Замечу попутно, что присвоив этому самому кандидату в «арканзасцы» фамилию Бриш, Белов то ли случайно, то ли подсознательно отразил в этом некие личные воспоминания о работе в районной газете. Узнал я об этом случайно и далеко от Вологды, когда в вестибюле редакционного корпуса издательства «Пресса», ранее именовавшемся «Правда», увидел целую груду выброшенных за ненадобностью книг. Не удержавшись от соблазна отыскать в этом макулатурном «Монблане» своё «жемчужное зерно», не замеченное предшествовавшими мне искателями, я подобрал небольшой футлярчик, содержавший брошюрки с наставлениями работникам партийной печати, выпущенные Вологодским обкомом КПСС. Среди авторов этих инструкций затесался и однофамилец романного героя, заведовавший на дату издания этих инструкций обкомовским сектором. Можно лишь догадываться, до чего допёк этот мелкий функционер замотанных сотрудников «районок», если через три десятилетия Белов задним числом свёл с ним кое-какие давние счёты!

…Сейчас однако же понятно, что некоторые критики и примкнувшая к ним «прогрессивная общественность», яро расклёвывавшие роман за частности не заметили главного – предчувствия неумолимо приближающейся катастрофы, не пощадившей «ни страны, ни тех, кто жил в стране». В эту катастрофу мало кому хотелось верить, её вероятность рьяно забалтывали на бесконечных съездах народных депутатов, но она всё же произошла.

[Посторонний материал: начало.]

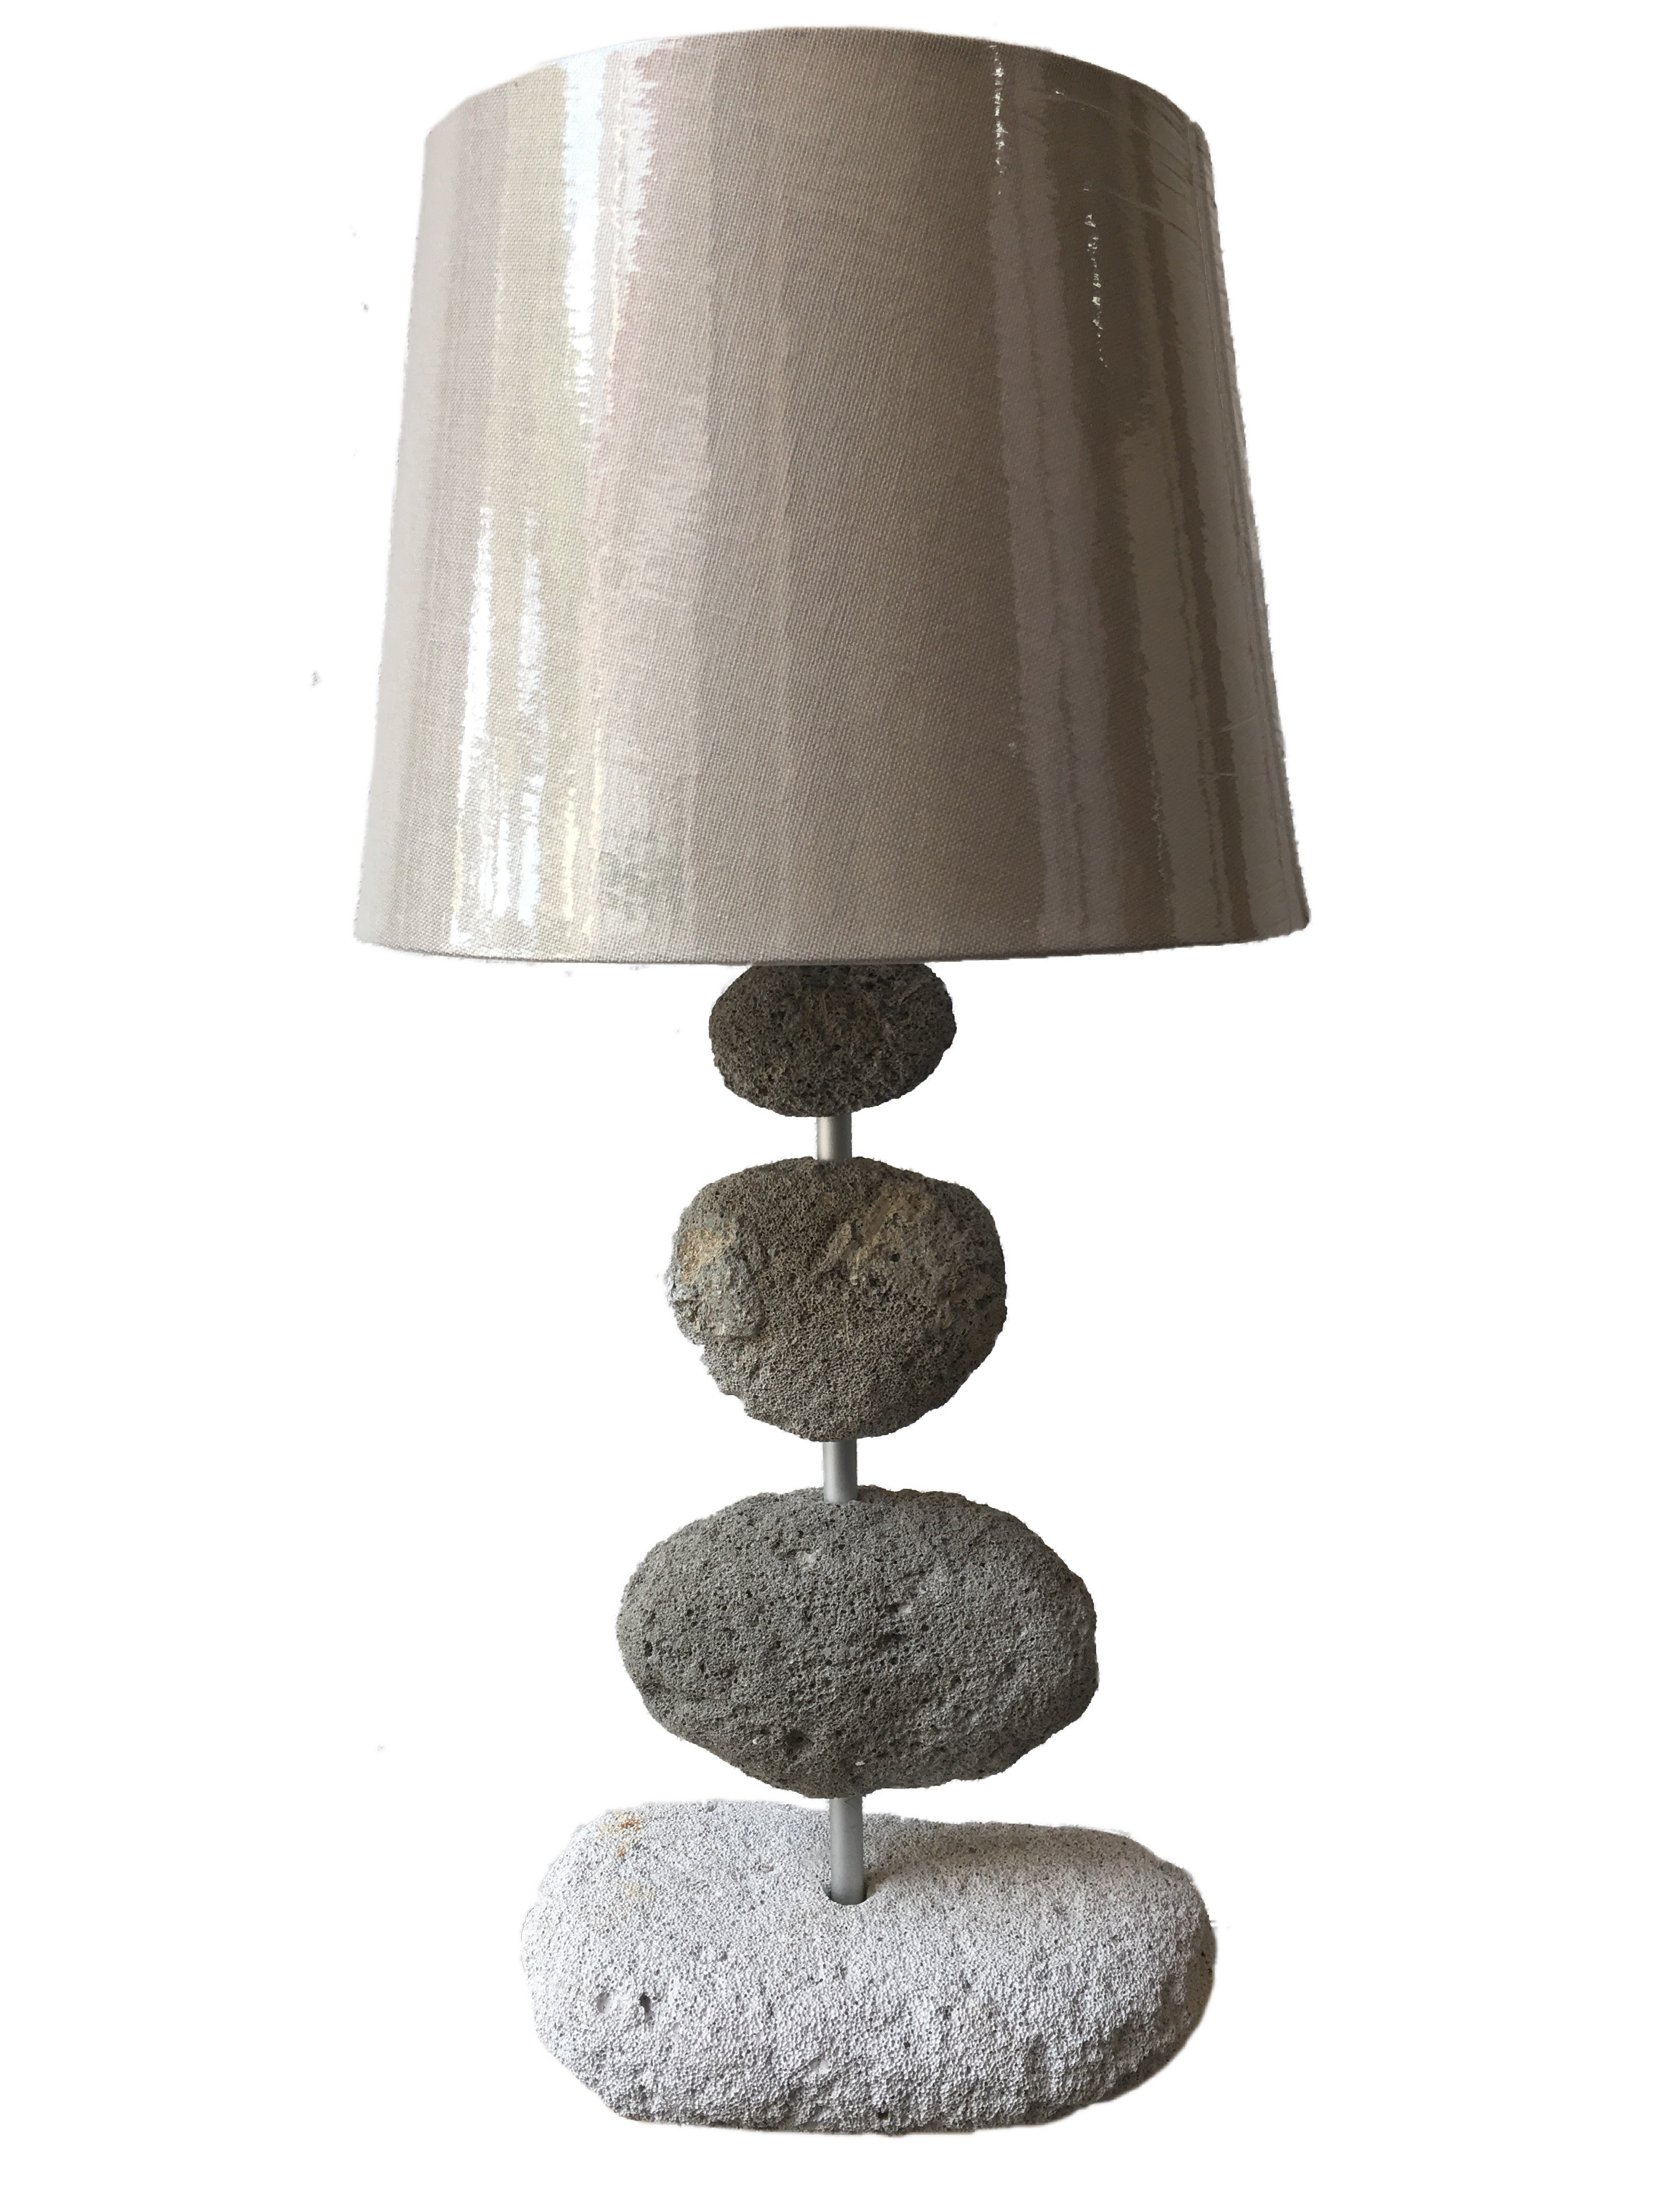 Lampada #2

Помните финал знаменитого когда-то фильма Сергея Соловьёва «Асса»? Кандидат в ресторанные певцы, в исполнении Виктора Цоя, бросает в толпу тинейджеров яростный призыв к переменам. Перемен и они, и все мы в итоге дождались. Но радостными они оказались отнюдь не для всех.

…Не прощали Белову и других частностей, из которых больше всего была на слуху нелюбовь к рок-музыке, в те годы только-только начавшей выбираться из подполья. Один из «антибеловцев», получивший кое-какую известность ярой пропагандой этого не столько музыкального, сколько социального явления, а теперь отчаливший на ПМЖ куда-то в Прибалтику, через губу отозвался о писателе как о «местном» явлении.

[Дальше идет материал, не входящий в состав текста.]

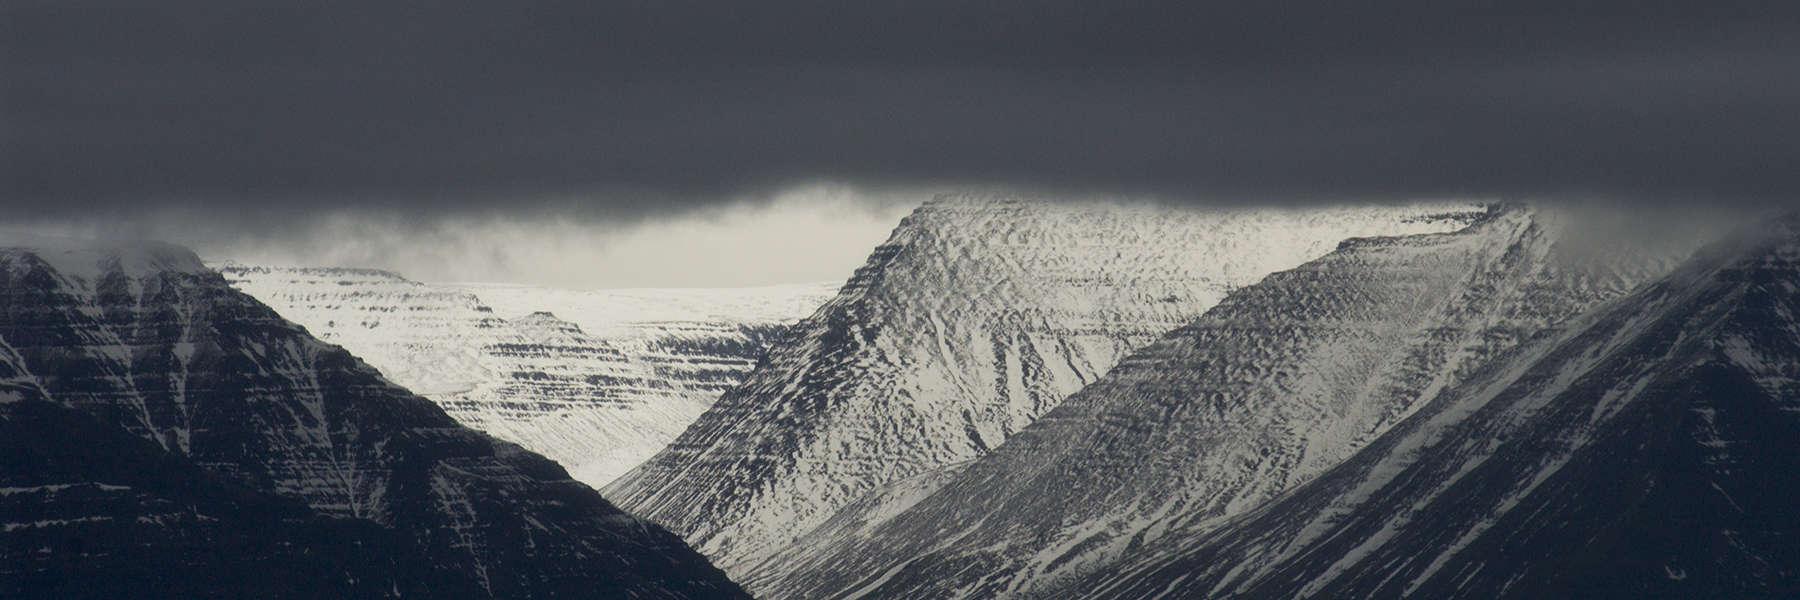 Blönduhlíðarfjöll, Iceland

Шумное порождение электрогитар и мощных усилителей, Белов действительно не переносил. В Вологде бытовал даже анекдот, что писатель, увидев на телеэкране выступление какой-то подобной группы по областному телевидению тут же позвонил первому секретарю обкома партии Анатолию Дрыгину с жалобой на «одурманивание» народа. Партлидер Вологодчины дураком отнюдь не слыл, вспоминают его на «служебной» родине с теплотой (пишу так, ибо вологжанином по рождению он не являлся, а подобная деталь биографии на Русском Севере пусть и не грех, но и не плюс, это я хорошо знаю на собственном примере). При этом Дрыгин славился непредсказуемым нравом и тяжёлой рукой. Перечить ему никто в области не смел и телефонный приказ прервать трансляцию якобы беспрекословно выполнили, поместив на экран заставку с извинениями за перерыв в вещании по техническим причинам.

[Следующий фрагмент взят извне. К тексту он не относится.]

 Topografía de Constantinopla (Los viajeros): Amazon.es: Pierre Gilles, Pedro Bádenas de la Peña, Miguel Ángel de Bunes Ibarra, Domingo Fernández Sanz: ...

Сам Василий Иванович реальность этого слуха категорически отрицал: «Было бы у меня такое влияние на Дрыгина, – сказал он мне, – я бы им получше распорядился»!

А неприязнь ко всем «битам», «хэви металлам» и прочему объяснялась просто. Писатель – плоть от плоти многих поколений северных земледельцев – органически не мог принять то, что по его разумению отвлекало от повседневного труда, который понимал воистину как состояние души. Не мог принять он и тех проблем «подрастающего поколения», о которых тогда много спорили в связи латвийской документальной лентой «Легко ли быть молодым». Для поколения Белова подобный вопрос вообще не стоял и стоять не мог, ему о выживании заботиться приходилось.

Лично я и тогда считал и сейчас считаю, что писатель принимал тревоги по этому и смежным поводам слишком близко к сердцу. Но сам он отнюдь не претендовал беспрекословную правоту. На мой же вопрос – ожидал ли он столь бурной реакции на роман – Василий Иванович ответил, что ни о чём таком не думал, а написал то, что не мог не написать.

Причина довольно затяжной газетно-журнальной травли крылась к тому же в очевидном, но почти не исследованном явлении общественной жизни любой страны, приподнявшейся в интеллектуальном развитии над известным по Ильф-Петровским «Двенадцати стульям» племенем «мумбо-юмбо», в языке которого не больше трёхсот слов. Я об информационном терроре разговор веду, о целенаправленном и зачастую безудержном полоскании всего неугодного или просто не вмещающегося в прокрустово ложе представлений об устройстве если не всего окружающего мира, то доступного его сегмента. В догорбачевском СССР подобного вида инфотеррор в целом сводился к наездам, а то и многомесячным осуждающим кампаниям во всех тогдашних «средствах массовой информации и пропаганды» с благословения горе-теоретиков и мало обременённых мозговыми извилинами практиков типа Хрущёва. Возрастному слою россиян, к которому я сам принадлежу, хорошо памятны наезды «кукурузного» властелина то на Пастернака, то на художников-модернистов (о подобных акциях предшествовавших десятилетий советской власти я говорить не буду, посколько на это и объёмистой монографии не хватит). Однако власть при всех её связанных с конкретной эпохой придурях, в нападках на неугодных или даже в их уничтожении всё-таки защищает свои устои в строгом соответствии с каноном демократического централизма, когда большинство не склонно считаться с меньшинством. А после 1985 года, когда право голоса, а нередко просто «право ора» получили те, кто прежде то ли предпочитал, то вынужден был со страху помалкивать в тряпочку, сонм крикунов, получивших, наконец, слово, принялся обрушивать свои громы и громики не только на глазах отживавшую своё идеологию и её приверженцев, но и на тех, кто видел мир по-другому или на тех, кому просто получше жилось в прежние годы. Очумевшие от вседозволенности словесно крушили налево и направо, торопясь по-маяковски сбросить с парохода современности всё, представлявшееся косным и заскорузлым. Ниспровергатели основ даже не замечали или попросту не способны были понять, что вели себя в полном соответствии ими же злобно отвергаемыми принципами, которые Ленин сформулировал в печально знаменитой своей статье «Партийная организация и партийная литература». Напомню, что суть её в стремлении подчинить творческую личность требованиям партячейки, в которую литератор должен был непременно входить. Разумеется, Ленин имел в виду именно созданную им «со товарищи» РСДРП (б).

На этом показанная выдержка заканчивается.